Abstract
Purpose
We sought to establish a comprehensive imaging score indicating the likelihood of higher WHO grade meningiomas pre-operatively.
Methods
All surgical intracranial meningioma patients at our institution between 2014 and 2018 underwent retrospective chart review. Preoperative MRI sequences were reviewed, and imaging features were included in the score based on statistical and clinical significance. Point values for each significant feature were assigned based on the beta coefficients obtained from multivariate analysis. The imaging score was calculated by adding up the points, for a total score of 0 to 5. The predictive ability of the score to identify higher-grade meningiomas was evaluated.
Results
Ninety patients, 50% of whom had a postoperative diagnosis of WHO grade II meningioma, were included. The mean age for the population was 59.9 years and 70% were female.
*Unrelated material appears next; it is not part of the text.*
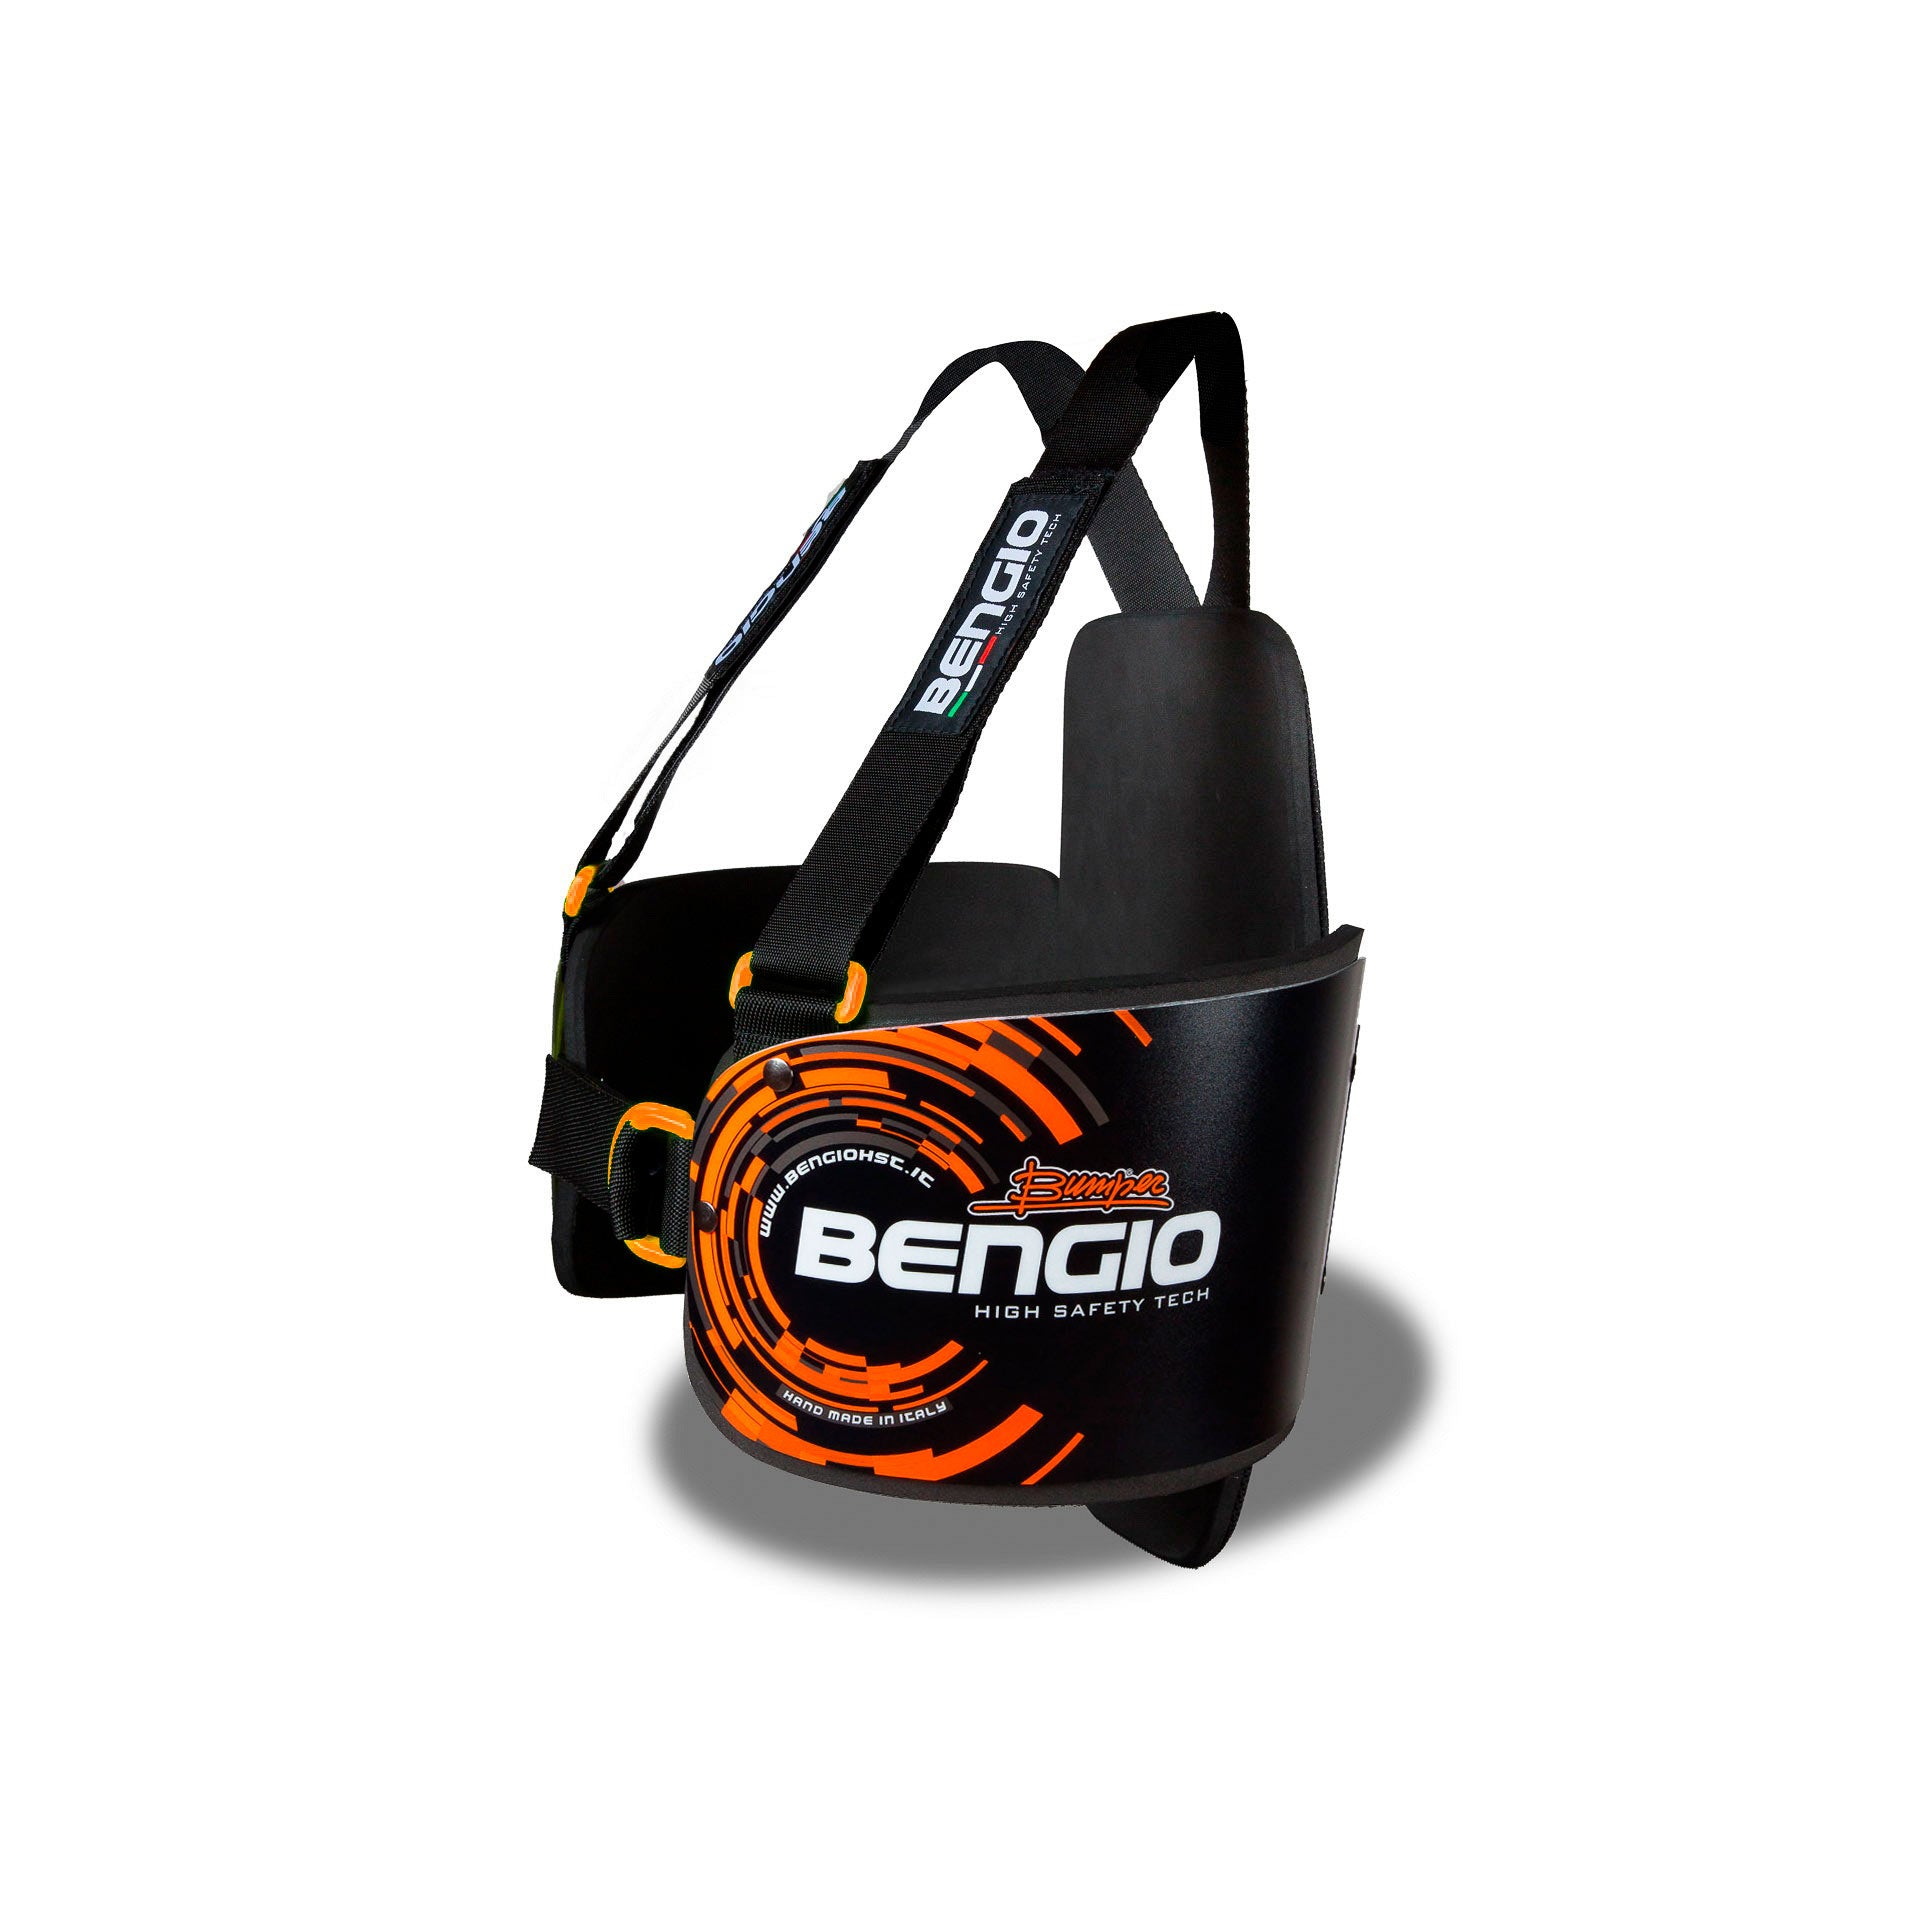 BENGIO STDPLSMBO BUMPER Plus Захист ребер для картингу, чорний/помаранчевий, розмір S/M Photo-1

Tumor volume ≥ 36.0 cc was assigned 2 points, presence of irregular tumor borders was assigned 2 points, and presence of peritumoral edema was assigned 1 point. The probability of having a WHO grade II meningioma was 0% with a score of 0, 25.0% with a score of 1, 38.5% with a score of 2, 65.4% with a score of 3, and 83.3% with a score of 4 or greater. A threshold of ≥ 3 points achieved a recall of 0.80, precision of 0.73, F1-score of 0.77, accuracy of 0.76, and AUC of 0.82.
Conclusion
The proposed imaging scoring system had good predictive capability for WHO grade II meningiomas with good discrimination and calibration. External validation is needed.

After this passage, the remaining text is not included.